As treated in this ambitious study, the term Great American Novel recalls the overcooked noodle in the sink, elusive in direct proportion to the intensity of the effort to grasp it. Buell acknowledges the difficulty at the outset—only to then leap over it. Avowing that no single constellation of features can define what a broad range of writers have striven to achieve, he promises “not just a series of free-standing essays about N number of books,” but an examination partitioned according to four defining concepts, which he variously labels “templates,” “scenarios,” “recipes,” or (his preference) “scripts.” What might underlie these divisions as variations of an identifying American ‘dream,’ however, never emerges; consequently, the volume actually does consist of free-standing discussions that track no consistent thesis.

 

As the first and “surest guarantee of GAN candidacy,” Buell cites “a kind of master narrative,” repeatedly imitated and reinvented. How curious, then, that he neither delineates a profile of any such rudimentary narrative scheme in his immediate choice for the accolade, The Scarlet Letter, nor explains his claim of its recurrence in any of its alleged progeny, among which he lists Adam Bede, The Damnation of Theron Ware, Washington Square, The Portrait of a Lady, As I Lay Dying, a quartet of Updike novels, and even two dramas by Suzan-Lori Parks, In the Blood and Fucking A–. In what wildly distorted sense does Hester’s emblem function across more than sixteen decades as the “generative force” of a “master-text” somehow accommodating Celia Madden, Catherine Sloper, Isabel Archer, and Addie Bundren?
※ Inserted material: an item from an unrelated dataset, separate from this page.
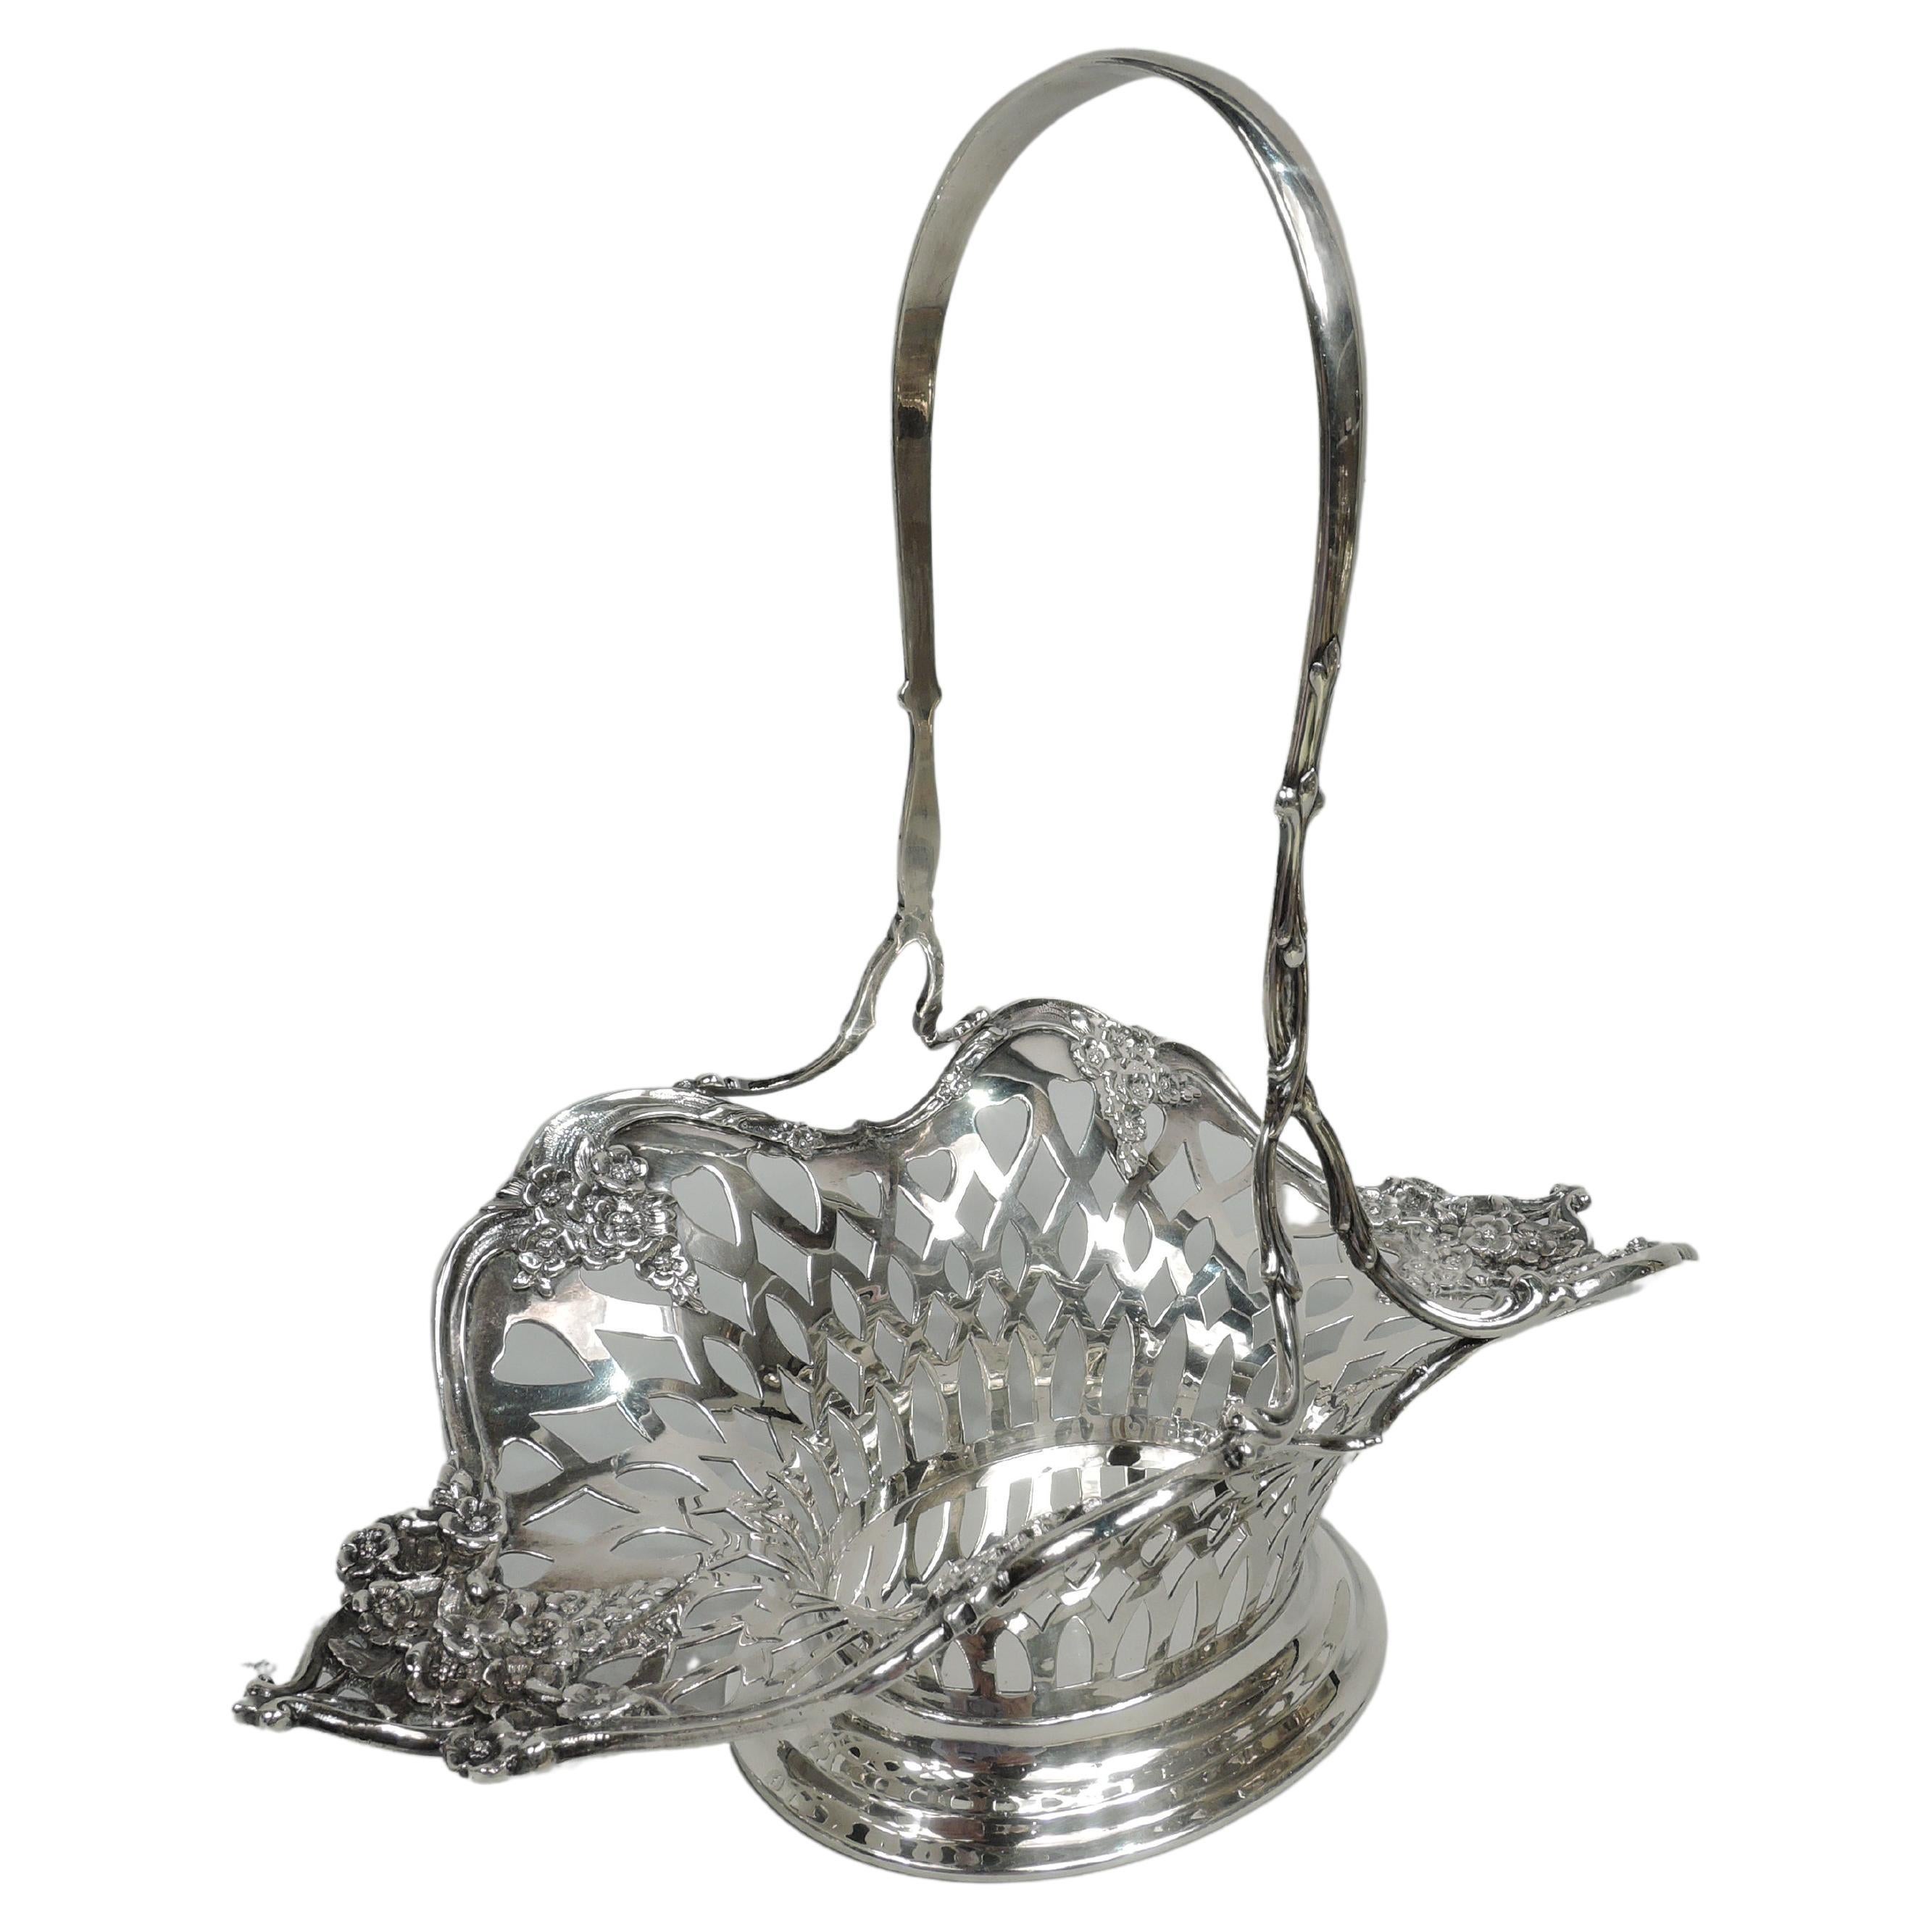 Pretty Antique Tiffany American Edwardian Sterling Silver Basket For Sale

It requires a heap of misreading to pledge them in the same sorority. In like manner, Hester’s scarlet bodice is elevated into a cultural “defining symbol,” reiterated in such diverse manifestations as the stain on Monia Lewinsky’s dress and, even, Mitt Romney’s sponsorship of healthcare legislation while Massachusetts governor. How can meanings so inconstant be said to define? Still more astonishing, Buell credits Hawthorne’s tale with having spawned numerous treatments of the “ordeals of immigrant transplantation,” from James’s The Europeans to Bharati Mukherjee’s The Holder of the World. Whatever the ordeal driving The Scarlet Letter may be (and Buell no more exfoliates its core meaning than does Hawthorne) it does not stem from immigrant transplantation.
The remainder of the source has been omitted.